The model was trained on a curated dataset of English-language educational and consumer feedback, and achieves 92.12% accuracy on the held-out test set, making it well-suited for production-grade NLP pipelines.
2. Model Details
| Attribute | Value |
|---|---|
| Base Model | siebert/sentiment-roberta-large-english |
| Architecture | RoBERTa-Large (Transformer Encoder) |
| Task | 3-class Sentiment Classification |
| Classes | Negative (0), Neutral (1), Positive (2) |
| Total Parameters | 355,362,819 (~355M) |
| Model Size | ~1.42 GB |
| Max Sequence Length | 256 tokens |
| Training Framework | Hugging Face Transformers + PyTorch |
| Compute | Mixed Precision (FP16) |
| Repository | tahamueed23/english-sentiment-roberta-large |
| Last Updated | February 22, 2026 |
| Author | Taha Mueed |
3. Intended Use
This model is designed for any downstream task that requires classifying the sentiment of English text into three categories: Positive, Neutral, or Negative.
| Domain | Application |
|---|---|
| 🎓 Education | Student feedback analysis, course evaluation, teacher reviews |
| 🛒 E-commerce | Product review classification, customer satisfaction scoring |
| 📱 Social Media | Comment moderation, brand monitoring, opinion mining |
| 🏢 Customer Support | Ticket sentiment tagging, call centre transcript analysis |
| 🏥 Healthcare | Patient experience reviews, hospital feedback analysis |
| 📊 Market Research | Consumer opinion tracking, NPS survey classification |
| 🛡️ Content Moderation | Detecting hostile or negative user-generated content |
Out-of-Scope Use
This model is designed for English-only input. It is not suitable for multilingual text, code-switched content, or non-English languages. It was also not trained for tasks like emotion detection beyond sentiment polarity, toxicity classification, or stance detection.
4. Dataset Description
The training data was sourced from a multilingual academic feedback dataset hosted on Google Sheets, containing 50,056 records across five languages. Only English-language entries were selected for this model's training.

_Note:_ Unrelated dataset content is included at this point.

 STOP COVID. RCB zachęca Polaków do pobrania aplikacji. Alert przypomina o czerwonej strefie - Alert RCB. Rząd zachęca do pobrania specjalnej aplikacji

Full Dataset Composition (N = 50,056)
| Language | Count | Percentage |
|---|---|---|
| Roman Urdu | 16,916 | 33.79% |
| Urdu | 16,782 | 33.52% |
| English | 16,355 | 32.67% |
| Mixed / Other | 3 | 0.01% |
English Subset — After Filtering and Cleaning (N = 15,650)

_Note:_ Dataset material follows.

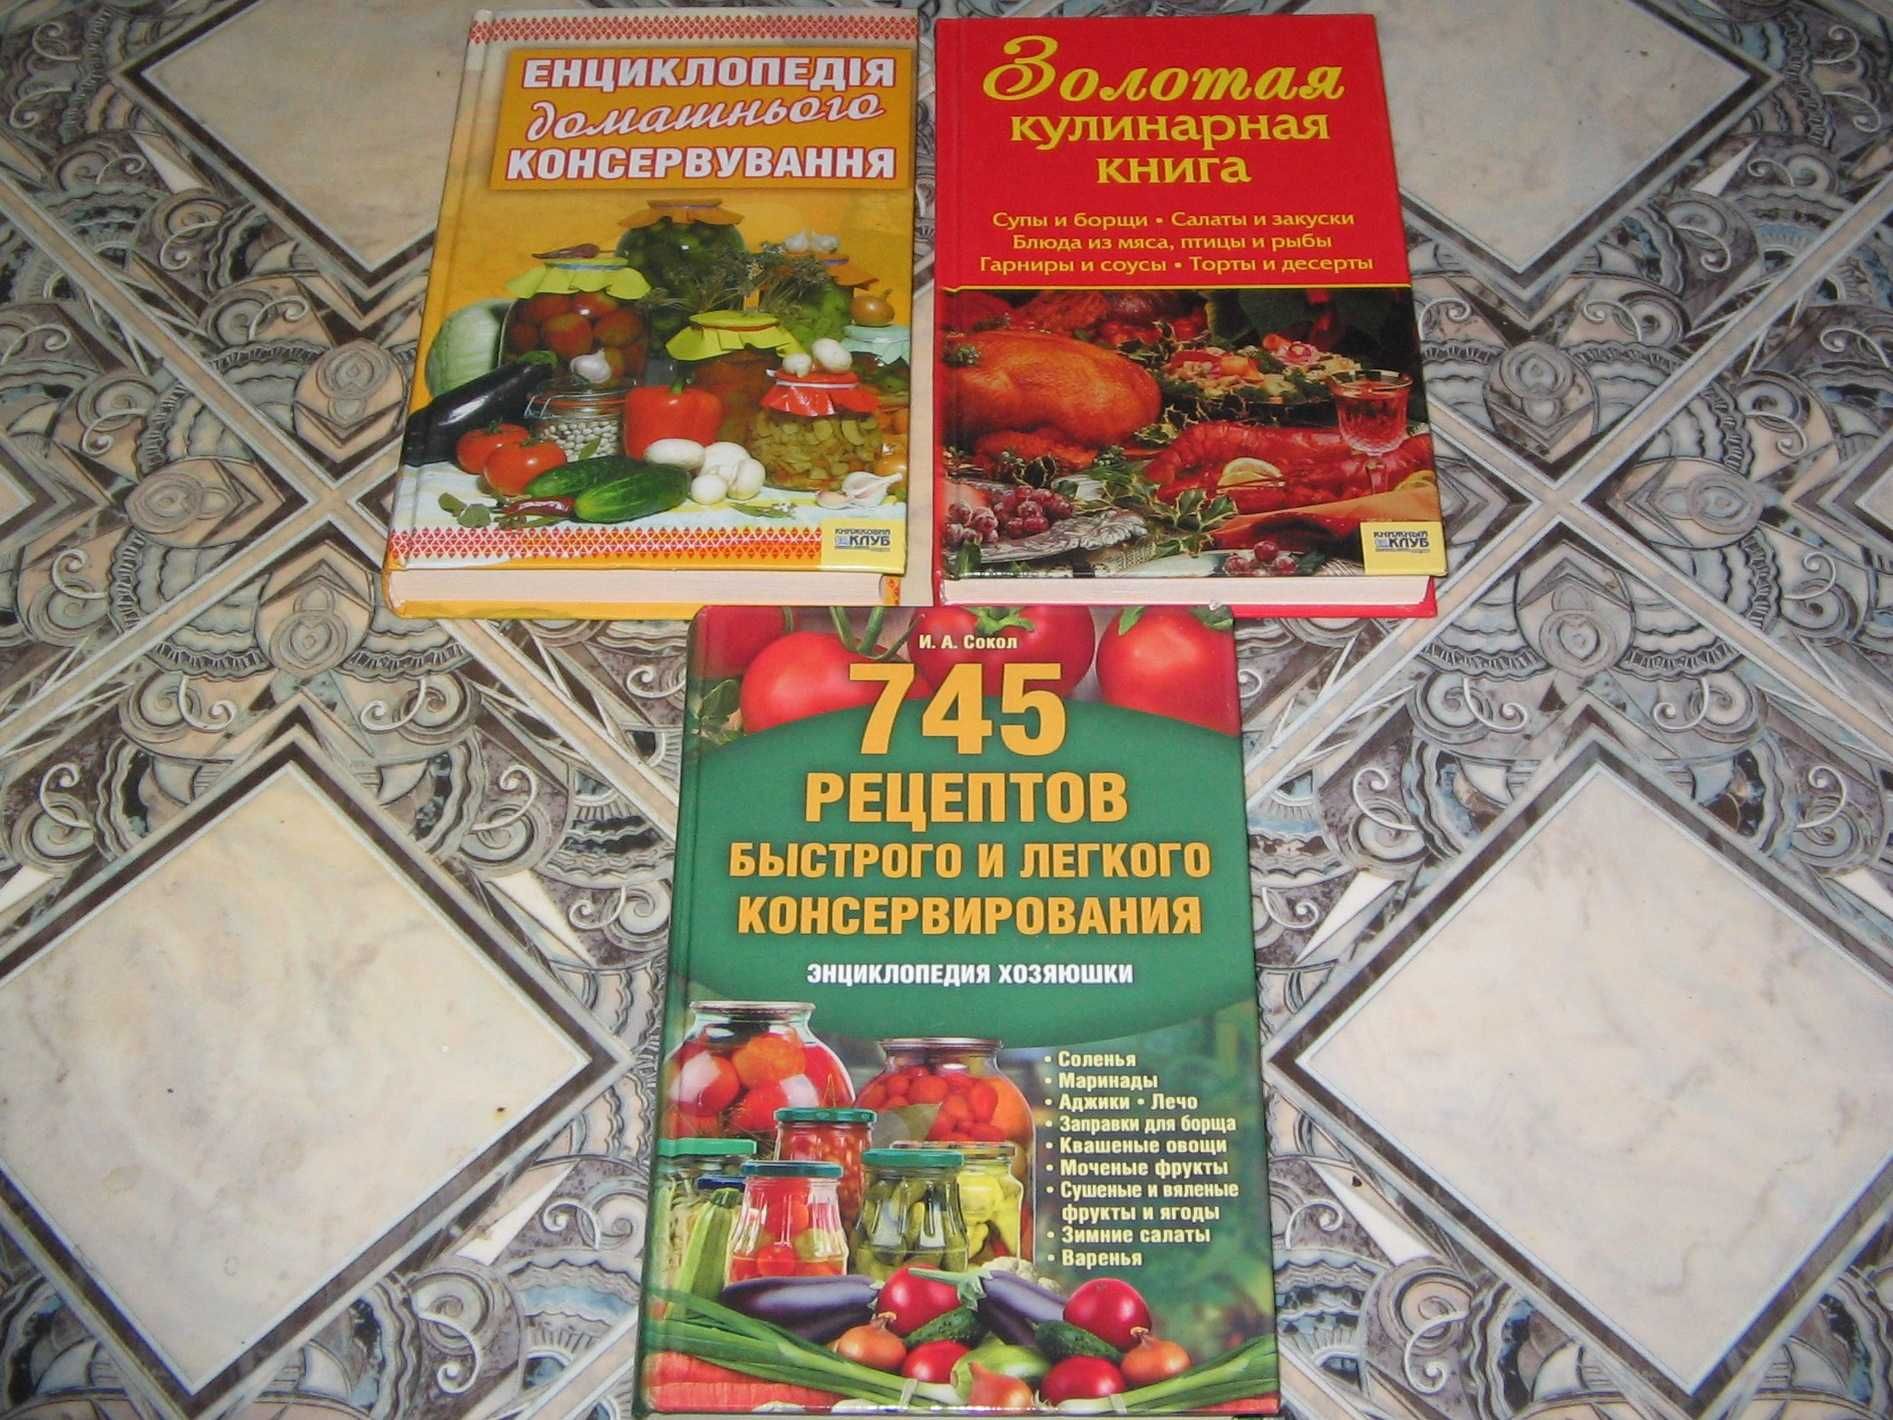 Консервирование и кулинария (три книги, цена за все)

| Sentiment Class | Count | Percentage |
|---|---|---|
| Positive | 7,160 | 45.75% |
| Negative | 5,364 | 34.27% |
| Neutral | 3,126 | 19.97% |
The dataset exhibits a moderate class imbalance, with Neutral being the least represented class. This was addressed through class-weighted loss during training (see Section 7).
Train / Validation / Test Split
| Split | Samples | Percentage |
|---|---|---|
| Training | 10,955 | 70.0% |
| Validation | 2,347 | 15.0% |
| Test | 2,348 | 15.0% |
| Total | 15,650 | 100% |
Splits were created using stratified sampling to preserve the original class distribution across all three subsets.
5. Data Preprocessing
The following cleaning and normalization steps were applied to the raw English text before training:
- Duplicate removal — 701 duplicate entries were removed based on exact match of the feedback field.
- Null filtering — Records with missing
feedbackorsenti_manualvalues were dropped. - Whitespace normalization — Consecutive whitespace characters were collapsed using regex substitution.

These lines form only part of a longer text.